Why tiny companies are suddenly going public for $4 a share
A Hong Kong noodle shop wants to sell you stock for $4 a share. So does an American tech startup you’ve never heard of, plus dozens of other little-known companies from around the globe.
More than 90 penny stocks have held IPOs so far this year, a bump from the 77 that did so in 2024. Penny stock IPOs are surging to levels not seen since the 1980s as a mix of commission-free trading apps, crypto-primed retail investors, and distracted regulators creates ideal conditions for small companies to tap U.S. markets.
While these ultra-cheap shares feel accessible compared to expensive Magnificent Seven offerings, the track record is brutal: Penny stock IPOs typically lose 60% of their value over three years, underperforming the broader market by roughly 90 percentage points, according to Jay Ritter, a University of Florida finance professor who has tracked IPOs for decades.
“On average, the investors lose their shirts,” Ritter said.
Penny stocks flourished in the 1980s until Nasdaq tightened listing requirements, and then they basically disappeared, according to Ritter. The SEC’s 1990 penny stock regulations proved effective at shutting down notorious firms.
The numbers started creeping up in 2021, fueled by pandemic-era conditions that made speculative investing irresistible. Cheap money from near-zero interest rates, stimulus checks landing in bank accounts, and millions of bored Americans discovering commission-free trading apps like Robinhood created perfect conditions for a penny stock revival. What once required a sales pitch from a licensed broker now happens with a few taps on a screen.
A penny stock doesn’t necessarily mean fraud. The SEC defines penny stocks simply as stocks trading below $5 per share. However, the low barrier to entry has attracted both legitimate small businesses and questionable operators seeking to tap into U.S. capital markets.

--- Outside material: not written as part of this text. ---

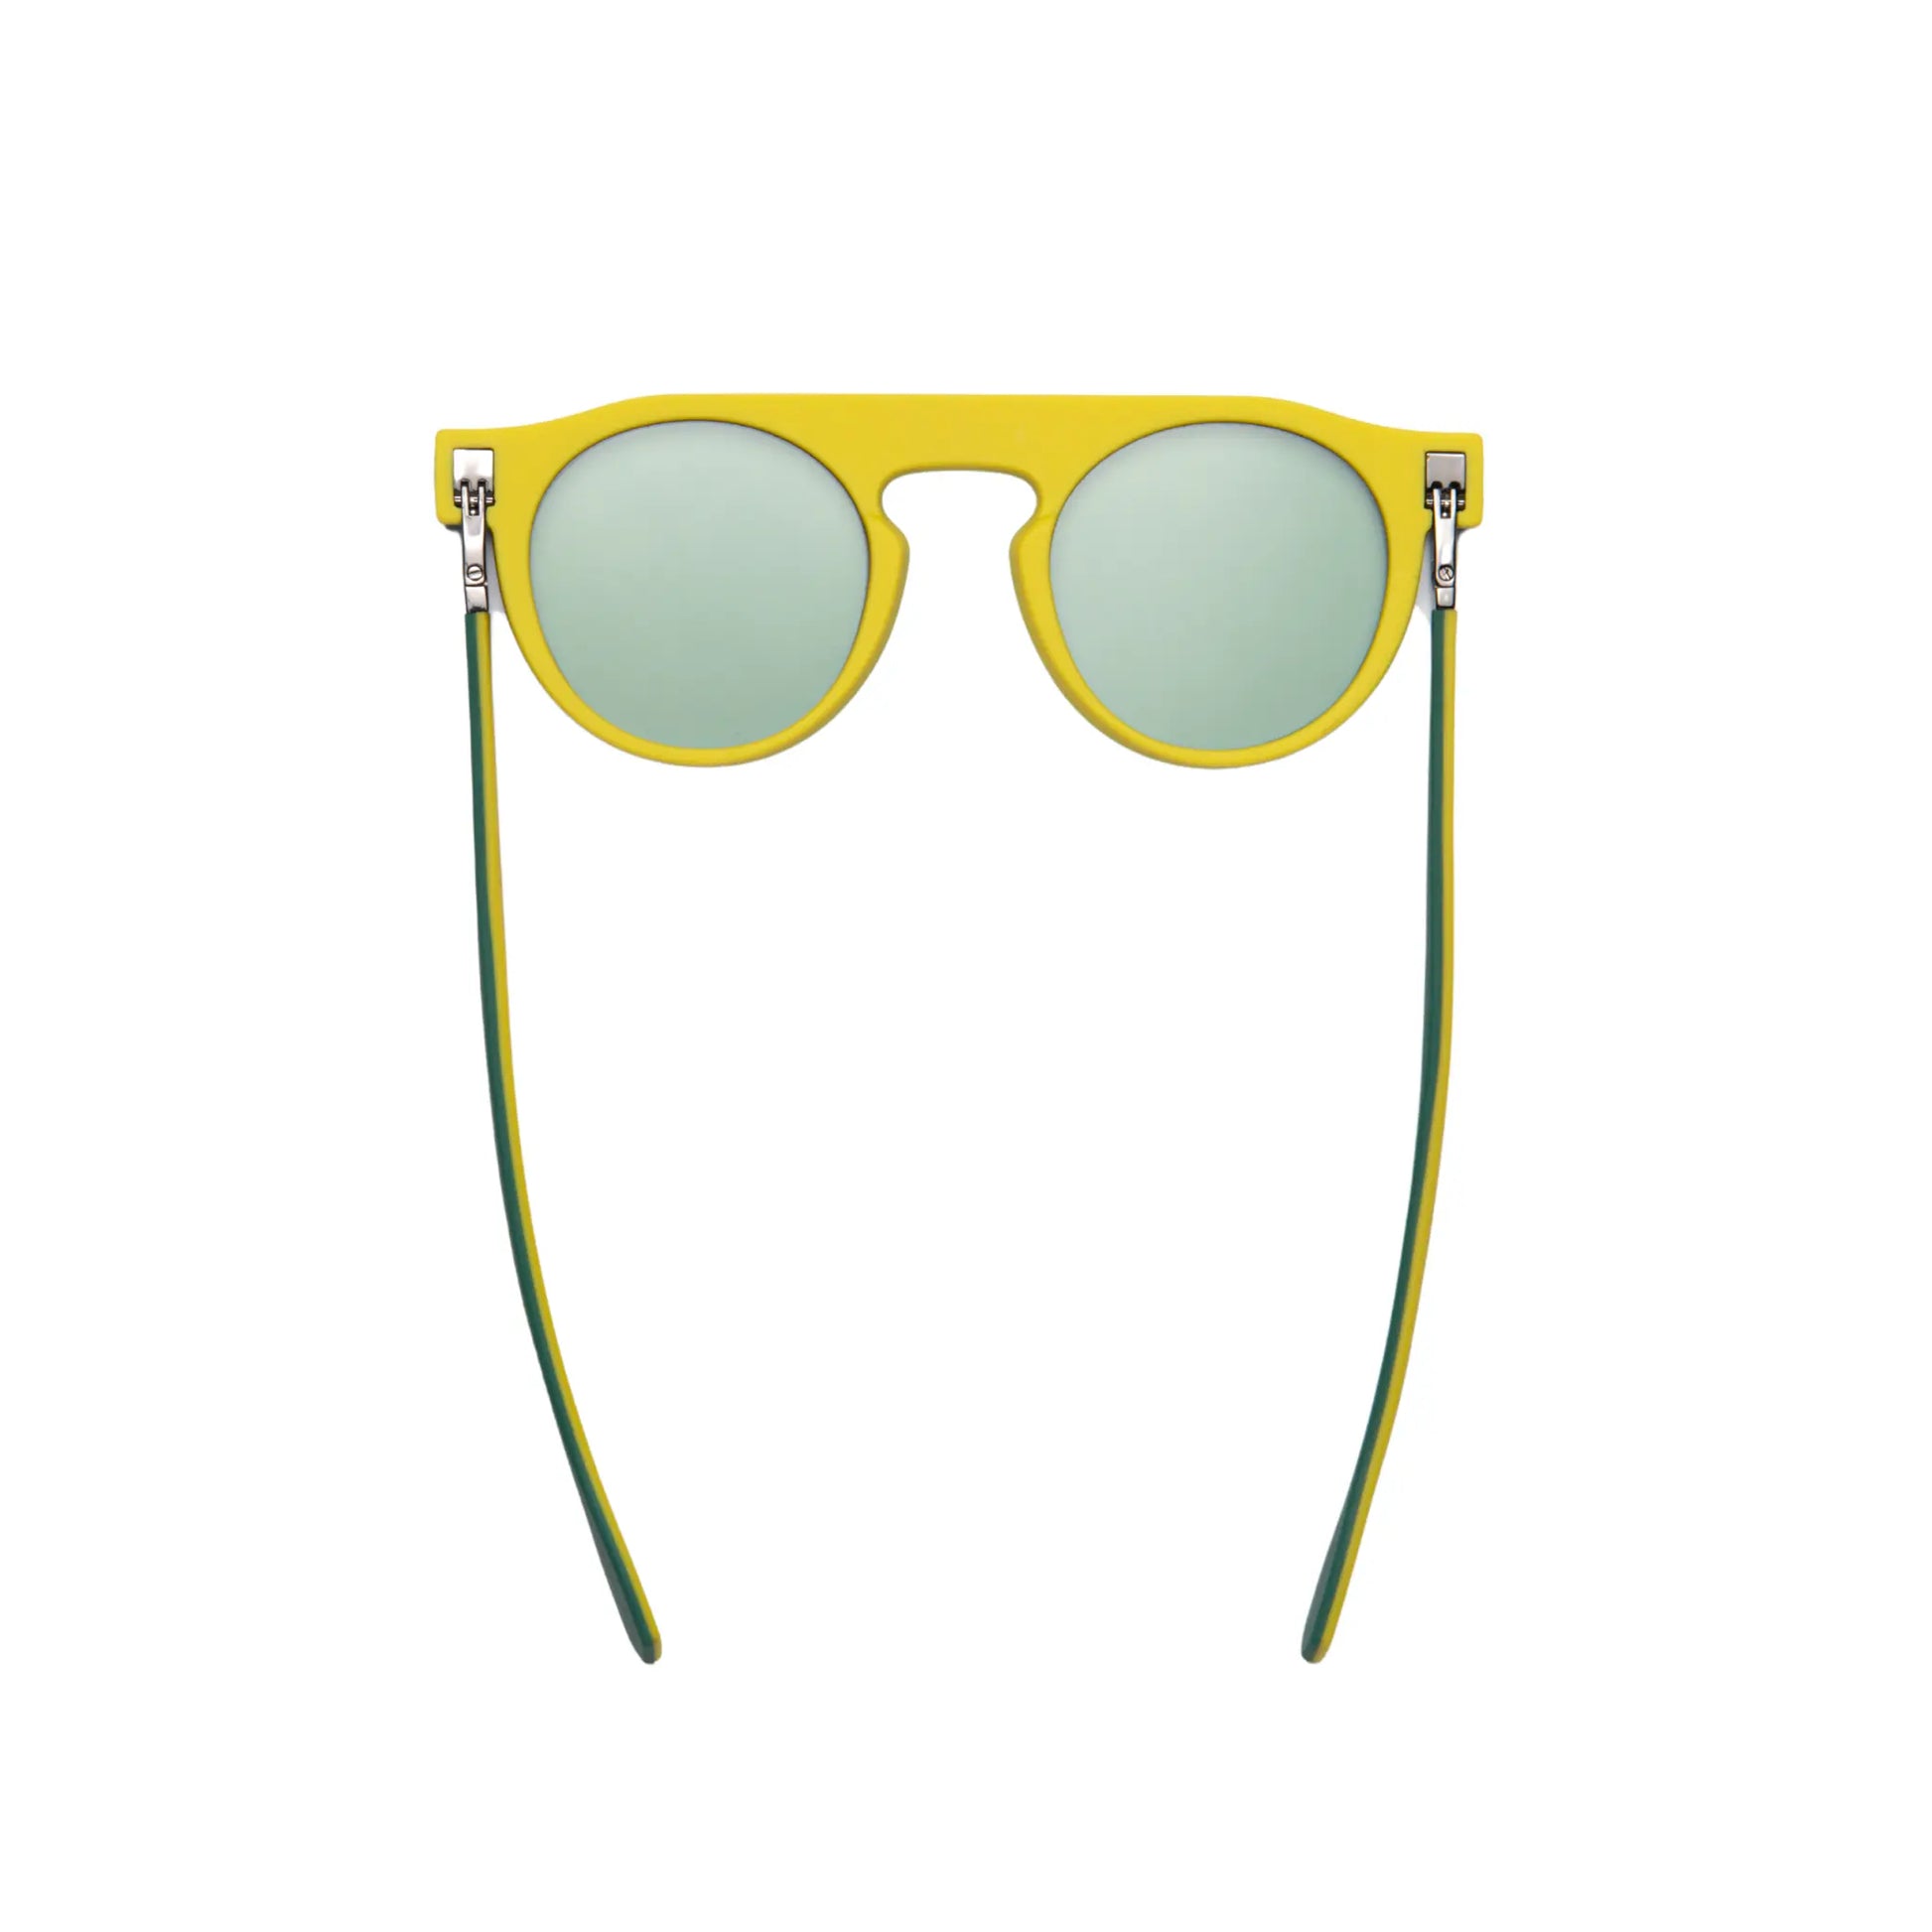 Reverso sunglasses green & yellow reversible & ultra light top view

Often, the problem isn’t outright fraud but structural issues, according to Ritter. An offer price of $4 per share might appear cheap, but when companies flood the market with shares, the total market value can exceed what the business can realistically support. The stock price then inevitably drops as the market corrects the valuation.
The scale mismatch is evident in this year’s penny stock pipeline. Many of this year’s penny stock IPOs come from small Chinese and Hong Kong companies that Ritter described as small restaurants and obscure manufacturers.
“These are like Hong Kong noodle shops, not Alibaba,” he said.
So how are these tiny businesses accessing U.S. capital markets with such ease? The SEC’s years-long focus on cryptocurrency enforcement has created an opening for penny stock promoters, according to Benjamin Schiffrin, Director of Securities Policy at Better Markets, a nonprofit advocacy group. While regulators pursued high-profile crypto cases, penny stocks flew under the radar.